**Recorded information**
--------------------

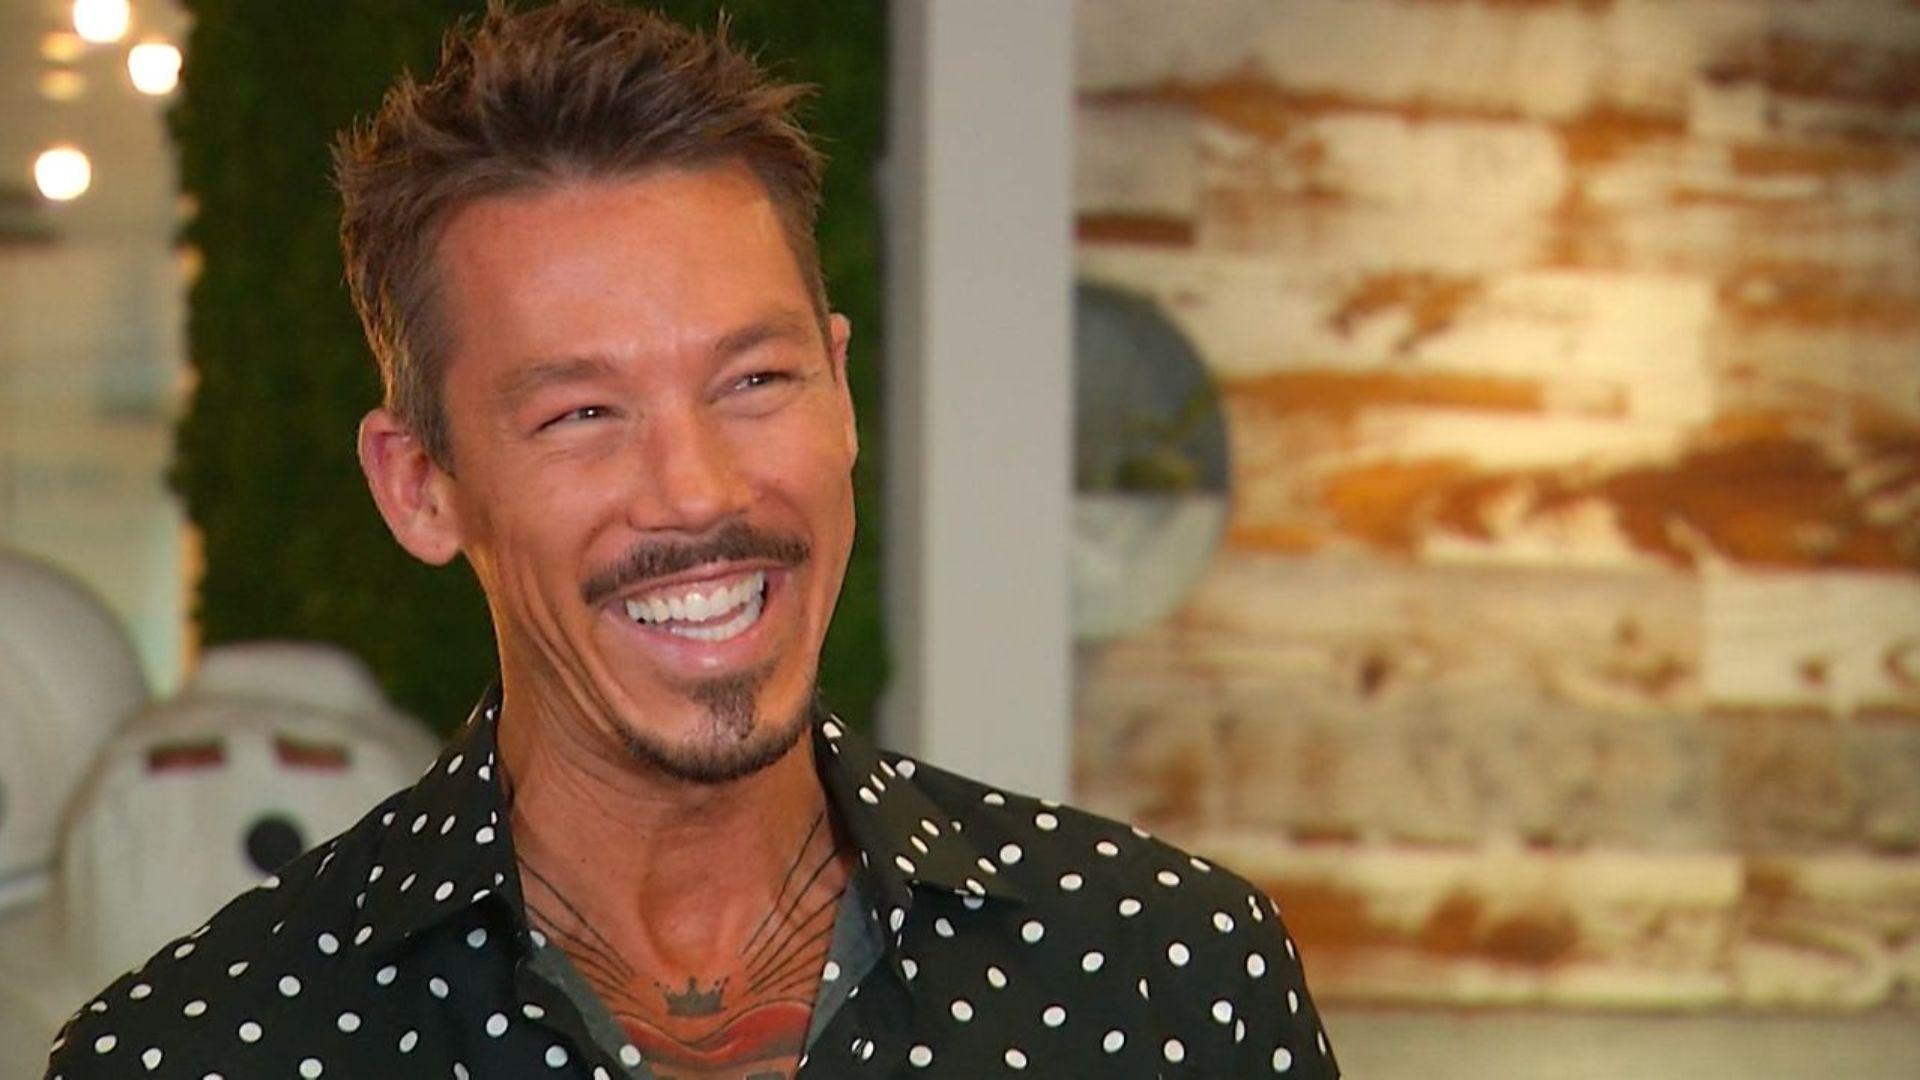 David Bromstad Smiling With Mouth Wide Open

--------------------

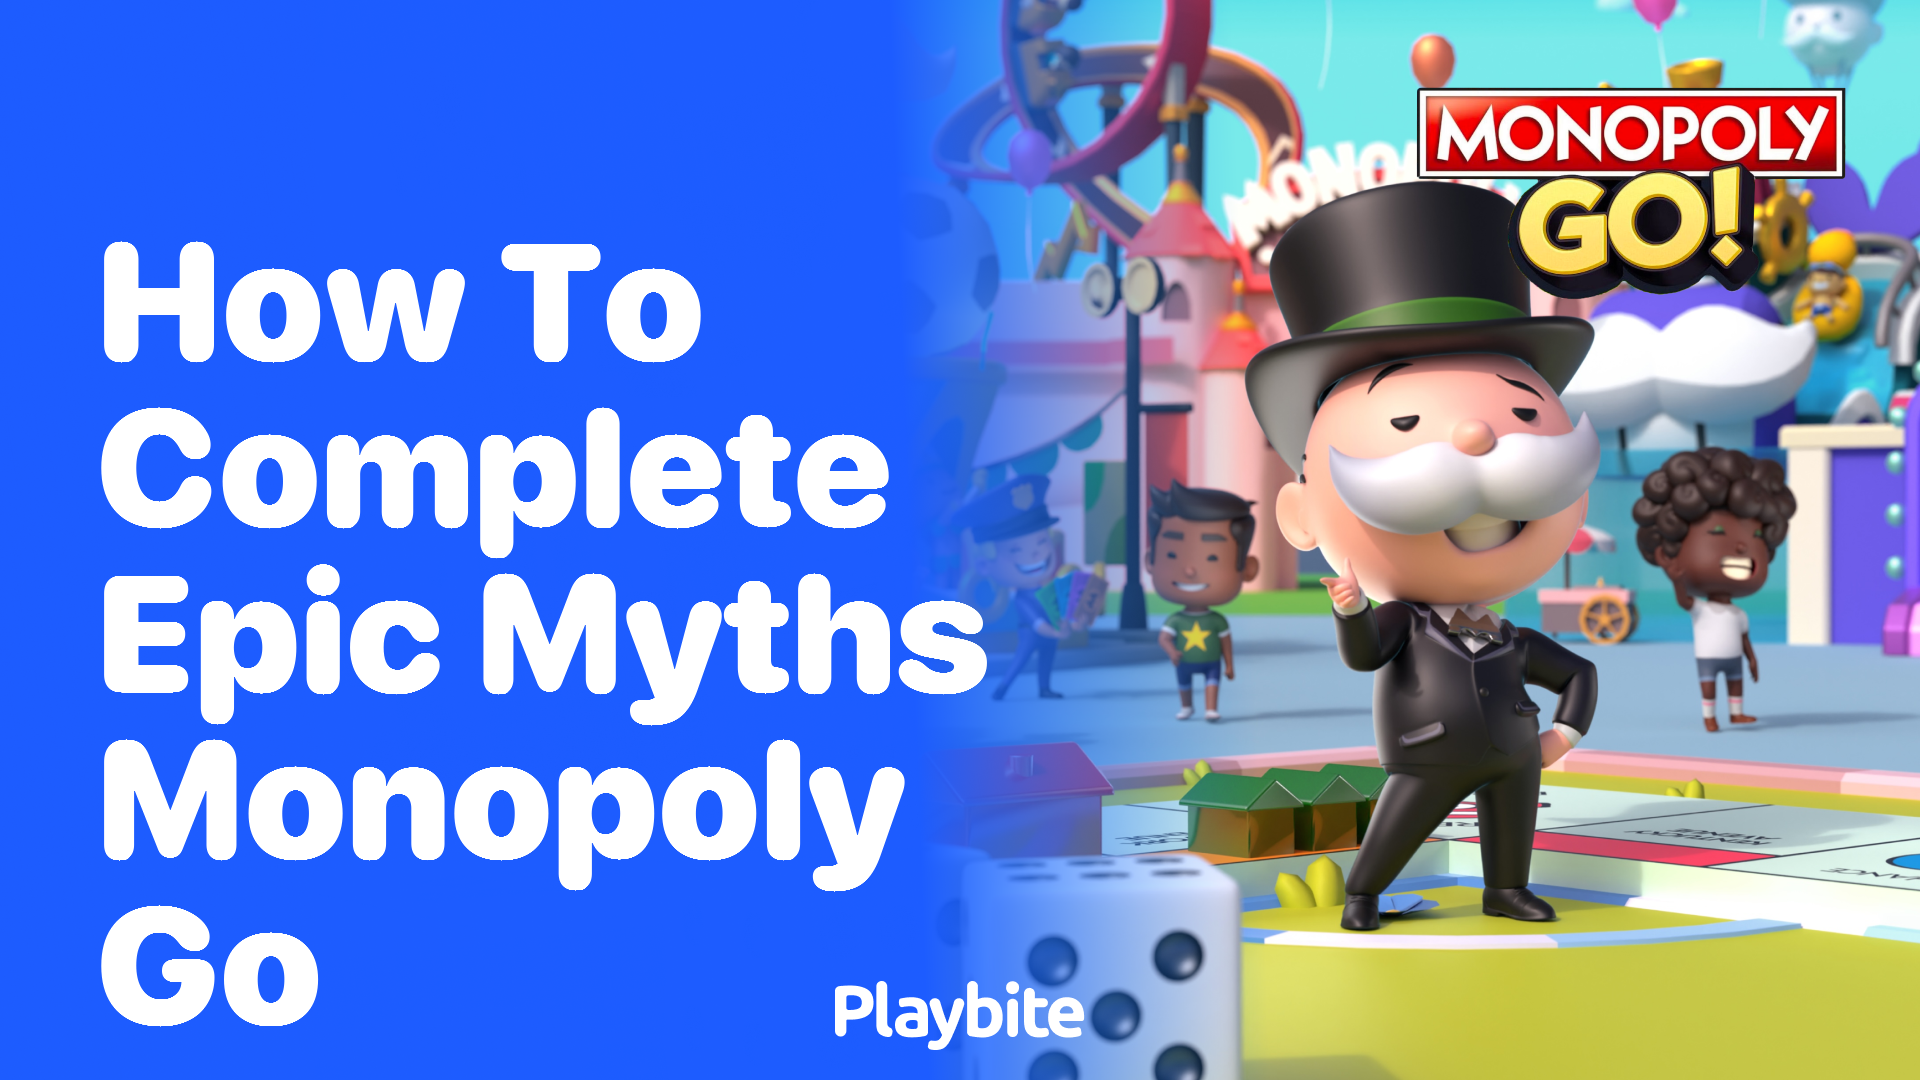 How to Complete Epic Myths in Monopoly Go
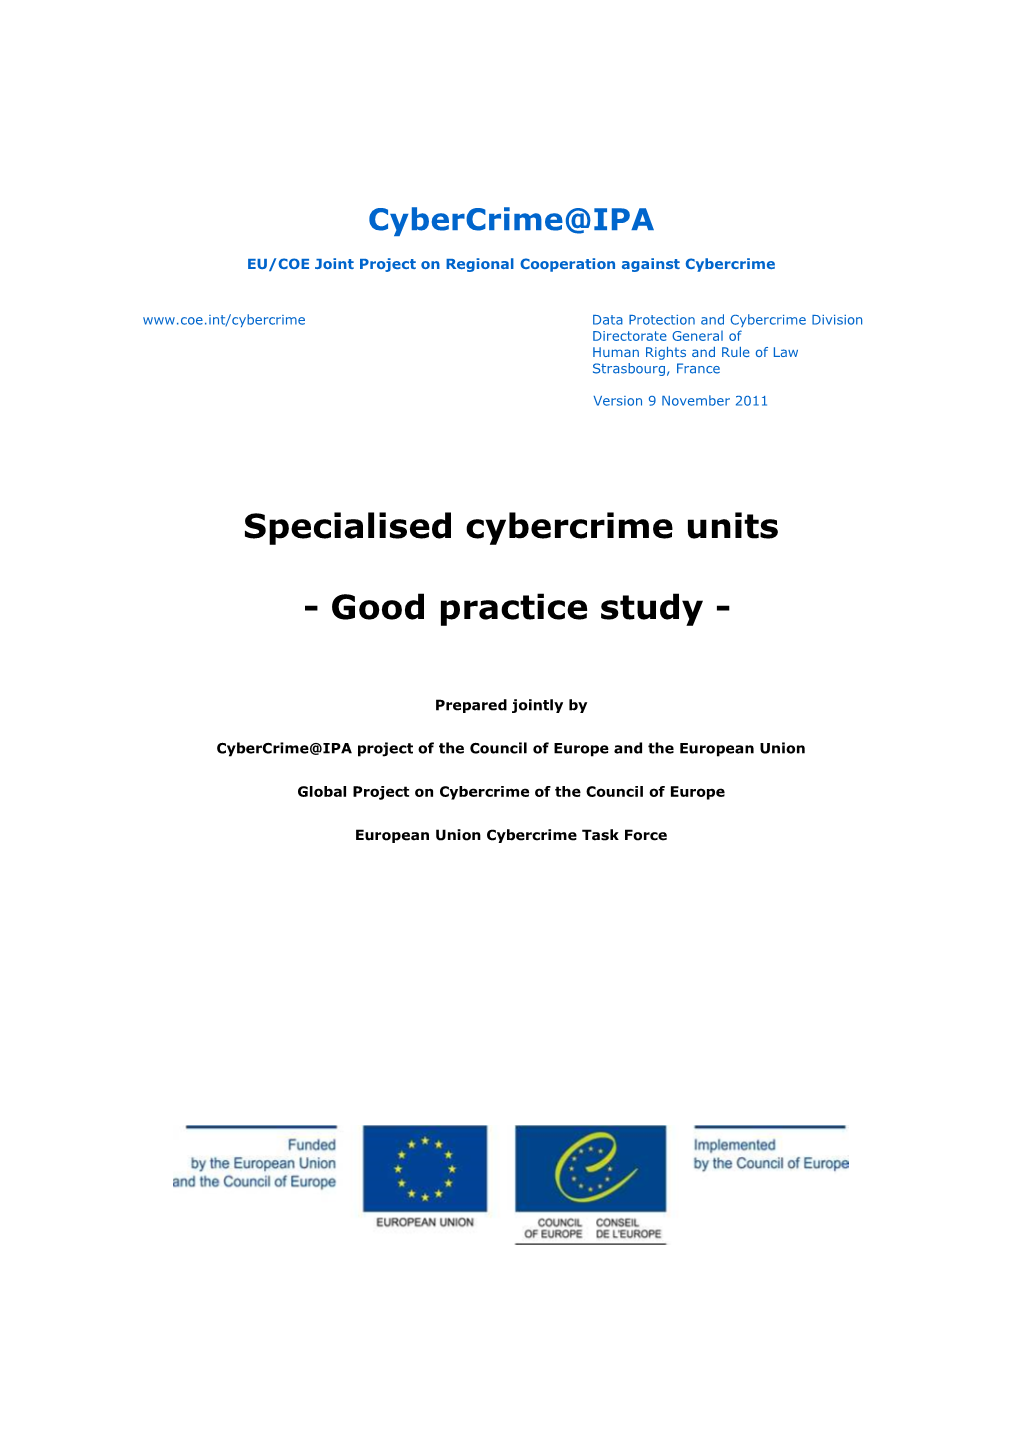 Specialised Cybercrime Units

--------------------

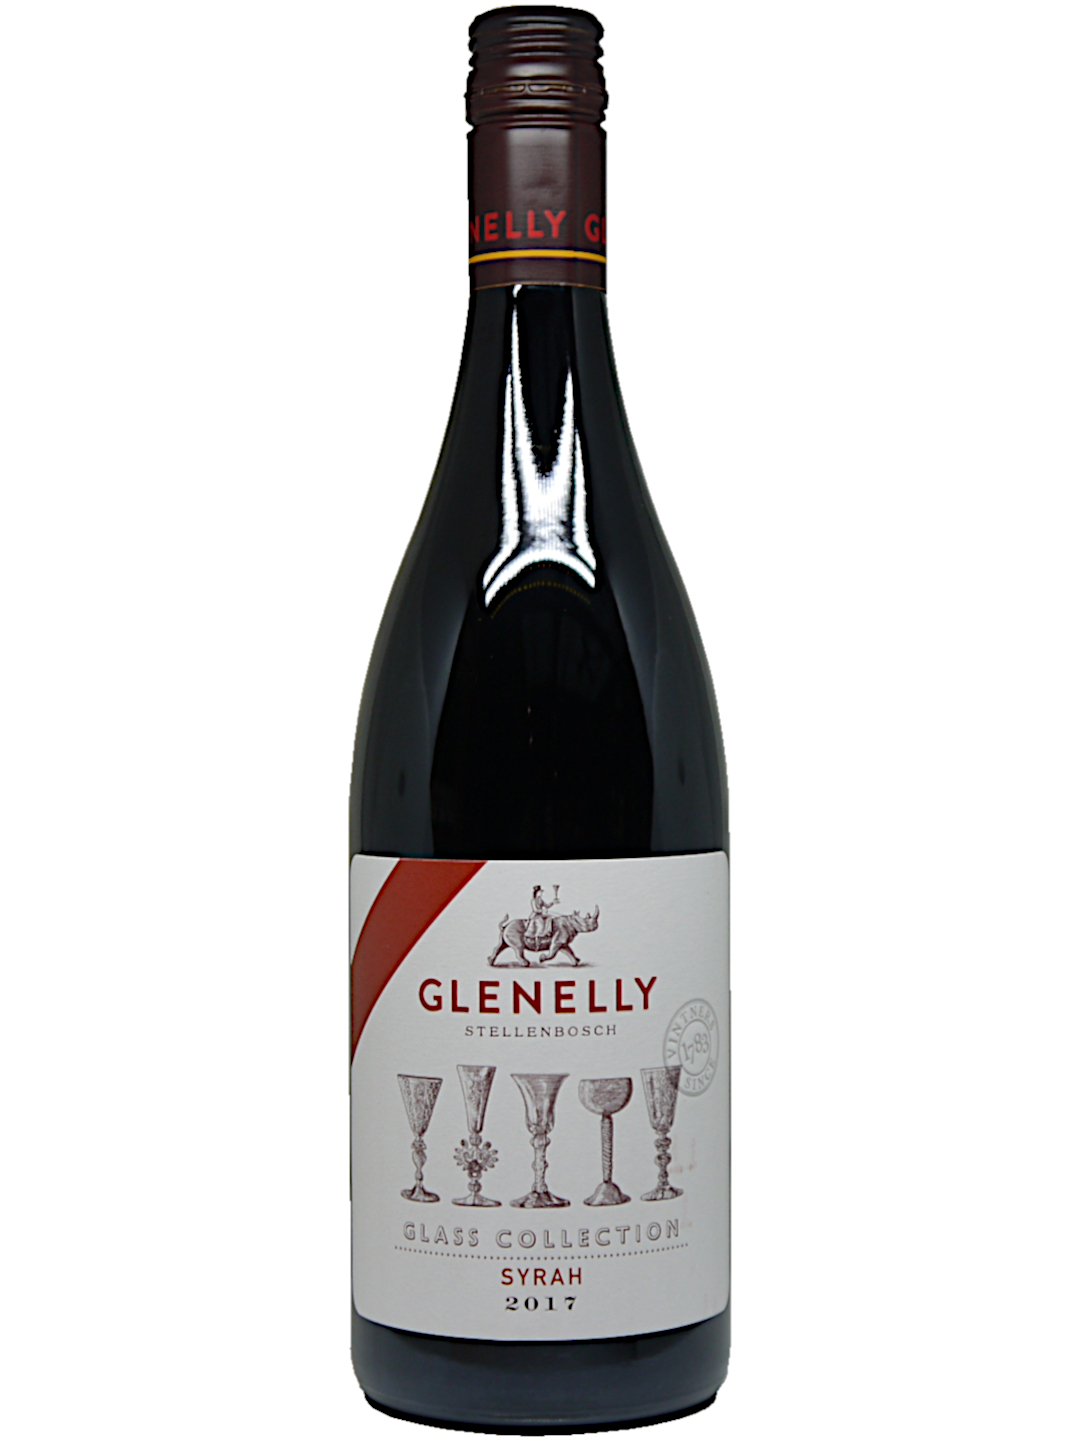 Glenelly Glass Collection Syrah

--------------------

**What you will do**
Would you please repeat only the lines above, beginning at the one that has "How to Complete Epic Myths in Monopoly Go" and stopping after the one that has "Specialised Cybercrime Units", exactly and with no pictures?

**Response to this exercise**
 How to Complete Epic Myths in Monopoly Go
 Specialised Cybercrime Units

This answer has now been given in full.